Final answer:
To calculate the ratio of energy between a 20.0 nm-wavelength photon and electron, we need the mass of the electron. Photons are generally less damaging to specimens compared to electrons in an electron microscope because photons carry less energy. The exact level of damage would depend on the experiment's conditions and energies.
Step-by-step explanation:
The energy of a photon can be calculated using the equation E = hf, where E is the energy of the photon, h is Planck's constant (6.626 x 10^-34 J·s), and f is the frequency of the photon. The frequency can be calculated using the equation f = c/λ, where c is the speed of light (3.00 x 10^8 m/s) and λ is the wavelength of the photon. To calculate the energy of a 20.0 nm-wavelength photon, we can first calculate the frequency using the second equation, and then substitute the frequency into the first equation to calculate the energy.
The kinetic energy of an electron can be calculated using the equation KE = ½mv^2, where m is the mass of the electron and v is its velocity.
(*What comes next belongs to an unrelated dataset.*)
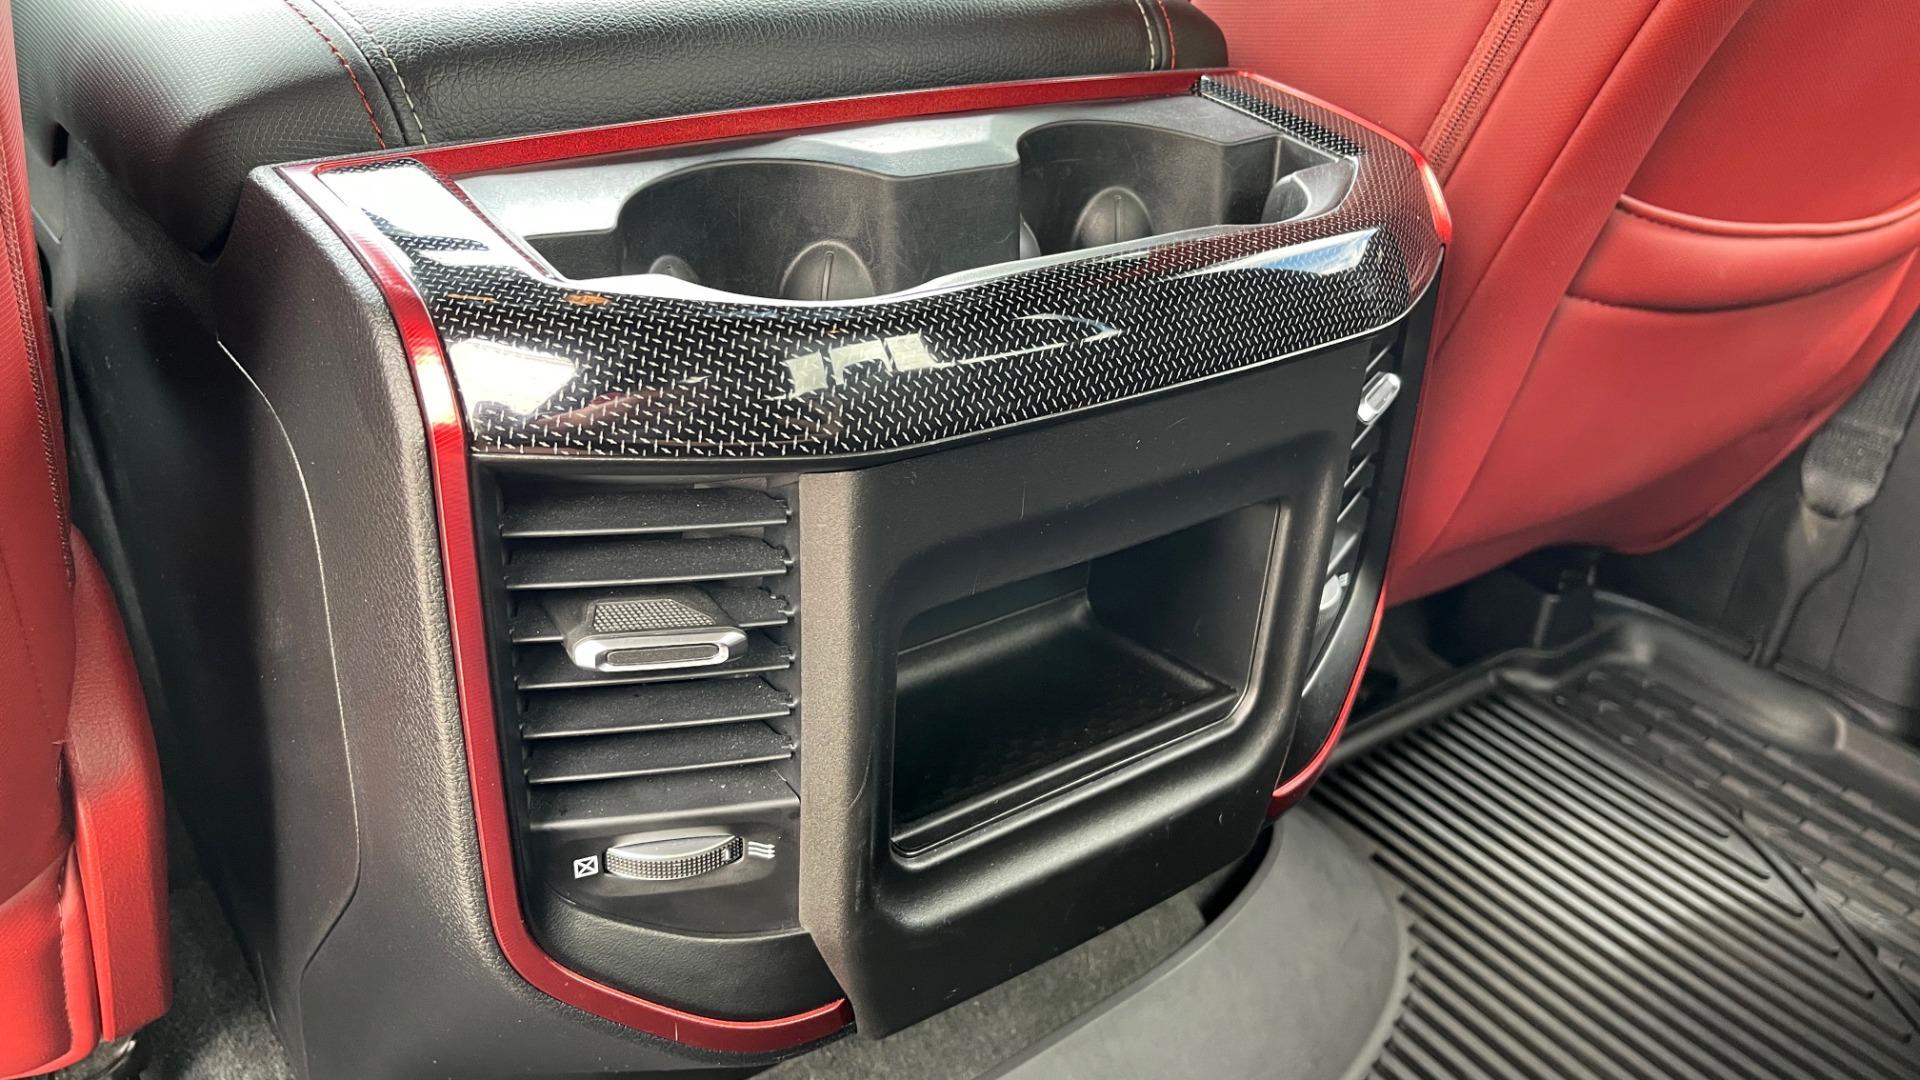 Used 2019 Ram 1500 REBEL QUADCAB 4X4 / 5.7L HEMI / 8-SPD AUTO / REMOTE START / PARK ASSIST for sale $44,495 at Formula Imports in Charlotte NC 28227 55

To compare the energy of the photon to the kinetic energy of the electron, we can calculate the ratio of their energies.
Since the question does not provide the mass of the electron, it is not possible to calculate the ratio of the energy of a 20.0 nm-wavelength photon to the kinetic energy of a 20.0 nm-wavelength electron. However, in general, electrons have much smaller masses compared to photons, so their kinetic energies would typically be much larger than the energies of photons with the same wavelength.
In terms of which would be less damaging to the specimen, photocurrent generated by photons is generally less damaging to biological specimens compared to electrons in an electron microscope. This is because photons carry less energy compared to accelerated electrons, which can cause damage to specimens due to their higher energy and smaller wavelength. However, the exact level of damage would depend on the specific conditions and energies used in the experiment.